The opening swing band freneticisms of "Mixture" should leave no doubt that
Flat Earth Society is a crazy jazz band at heart, but
Trap might also be the
FES album most likely to snare fans of the group's antecedent,
X-Legged Sally.
XLS was a
Zappa-influenced jazz-rock band par excellence, and that group's leader, clarinetist/composer
Peter Vermeersch, is in the driver's seat here as well. And, like the other
FES discs, the band's lineup includes a handful of former
XLS members. But more than just personnel hark back to
XLS, whether or not the forward-thinking
Vermeersch would care to admit it. Take, for example, the cover of
Godley & Creme's "Foreign Accents," an homage to a
Zappa homage with startling outbursts of unison vocals, tuned percussion, and horn lines thrown over the top of an insistent bass/guitar/drum vamp as a pair of saxophones pan back and forth from channel to channel with a crisp, two-note riff.
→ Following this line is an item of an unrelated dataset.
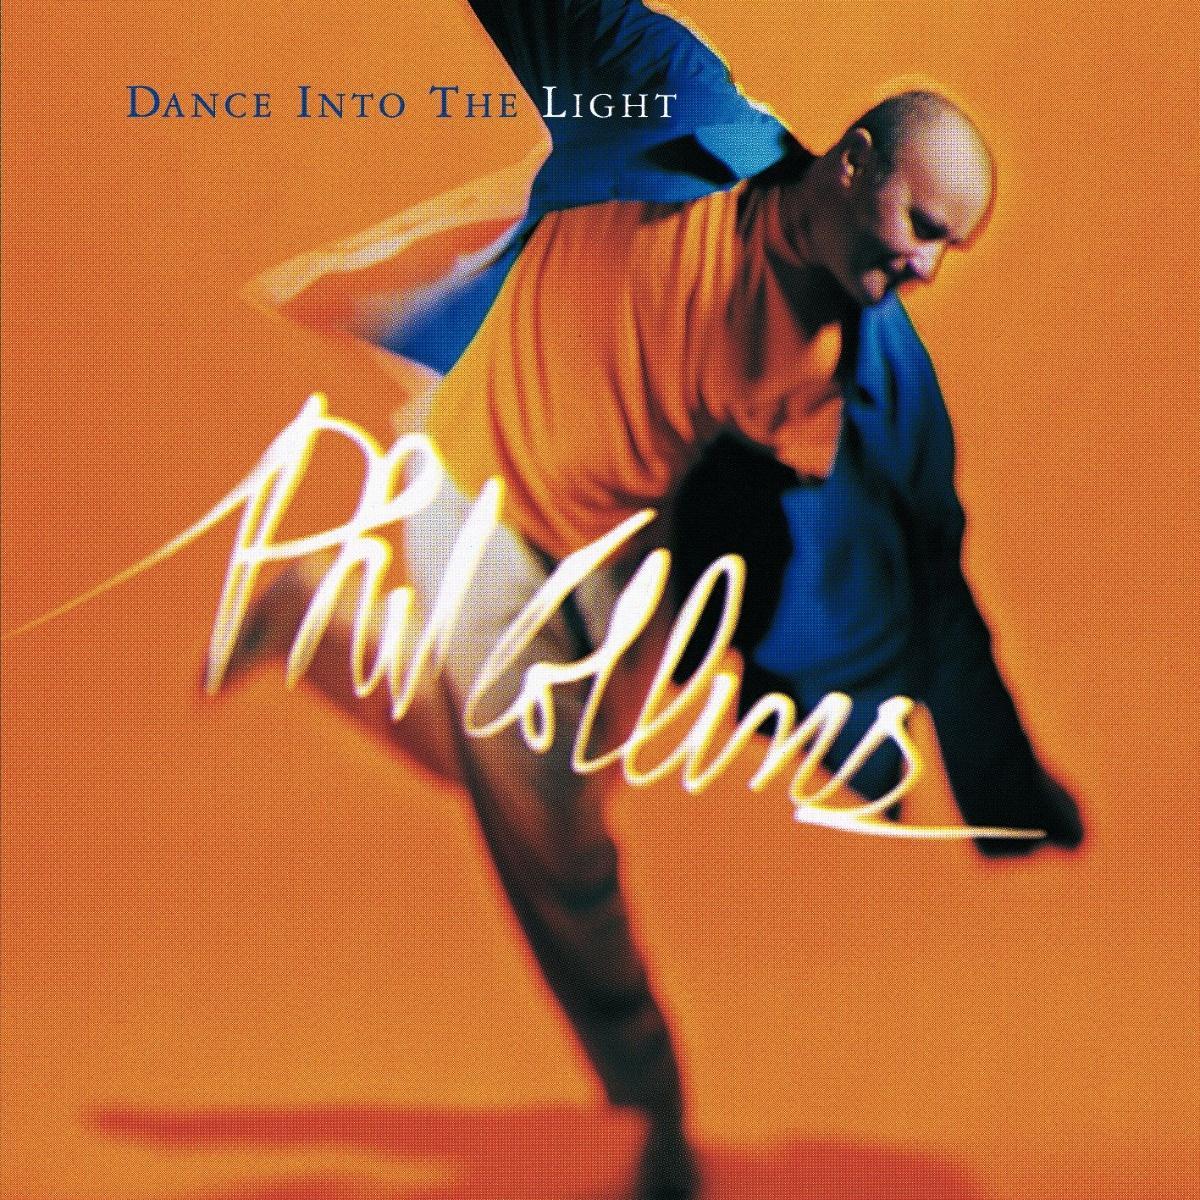 Dance into the Light - Phil Collins - Musik - WEA - 0706301616123 - 14/10-1996
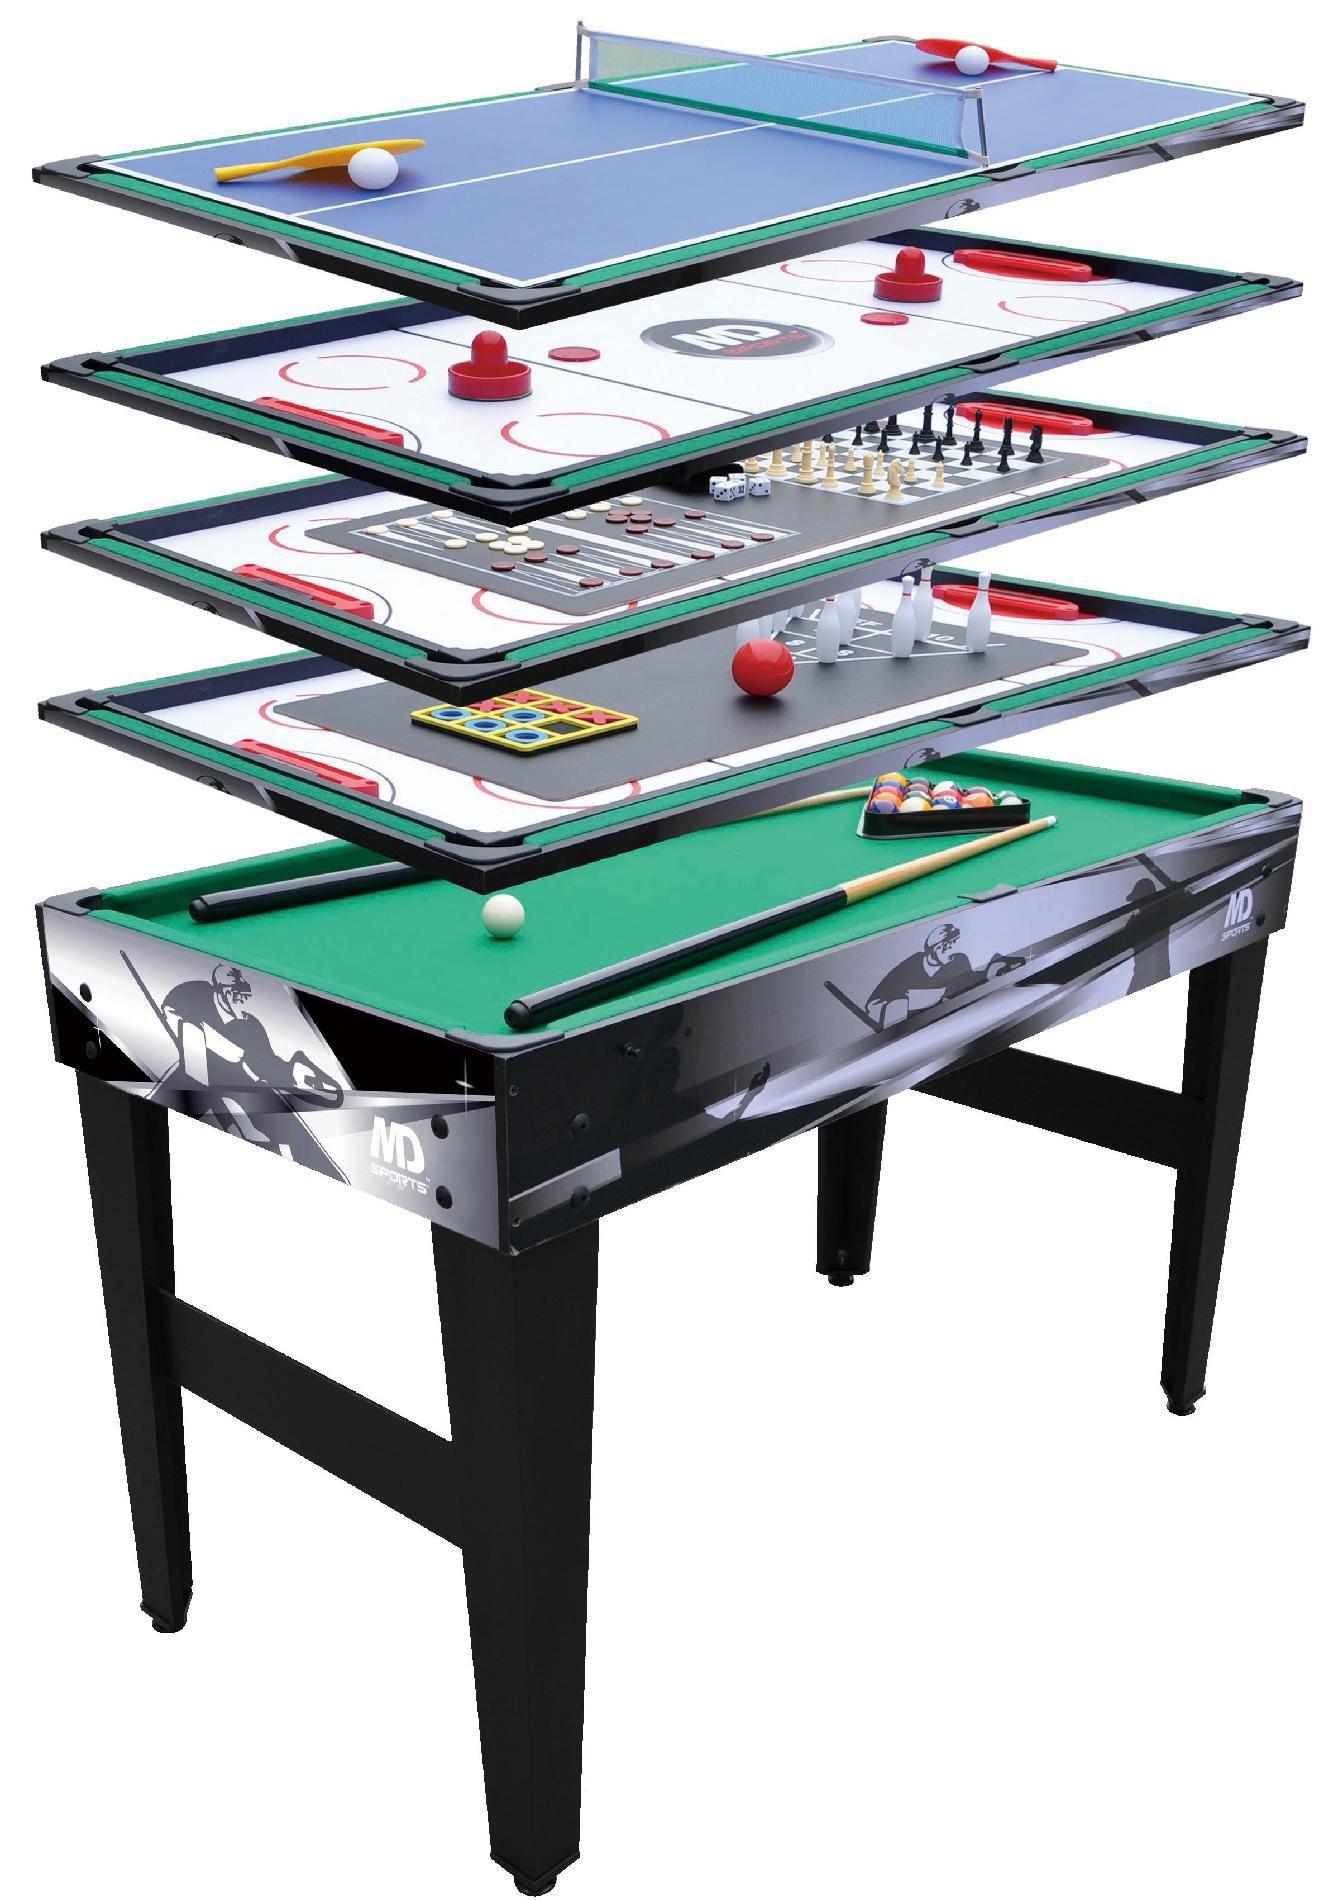 5434e0e4646 MD Sports 48in 12-in-1 Multi Game Table -  89.99! - http

This ain't jazz, this is
Zappa-esque avant jazz-rock, and it's done exceedingly well even if it doesn't necessarily chart an untrammeled path. "Zonk" (the name of the band's Belgian record label) has it both ways, as wild big-band jazz merges perfectly with
Zappa-influenced themes and instrumentation. However, it would be a mistake to give short shrift to the originality of
FES and the thread of continuity that one hears in all of
Vermeersch's work. It's not all
Zappa, in other words. "Woeful Message from the VLF" is a slow and atmospheric number with a moody baritone sax solo and muted brass, echoing "Blackhead Blue Blues" from
XLS' opening salvo of 1991,
Slow-Up.
Vermeersch's penchant for discovering the commonality in disparate musical traditions can be heard as
Bizet's "Carmen" permutes into
Lennon &
McCartney's "With a Little Help from My Friends." With her Euro-chanteuse inflections, vocalist
Anja Kowalski belts this one out in highly entertaining fashion;
Kowalski's cabaret influences are on even fuller display in "Servus Sagt die Schöne Stadt der Lieder." (She's not as folky as
Iva Bittová, but
Bittová fans might do well to notice her.) All in all, the eclecticism of
Trap might be compared to
Eggs and Ashes, the
XLS album with the widest stylistic breadth. Staking out territory between
XLS writ large and a more overtly jazzy
FES outing like 2003's
The Armstrong Mutations,
Trap is highly recommended to adventurous listeners who favor dense scoring, tight arrangements, driving rhythms, varied moods, and fiery performances. On second thought, don't call it "fiery," at least before taking a closer look at the CD jacket. They're setting a trap for you, and if you are appalled by the image in the photo, perhaps that is the intended effect.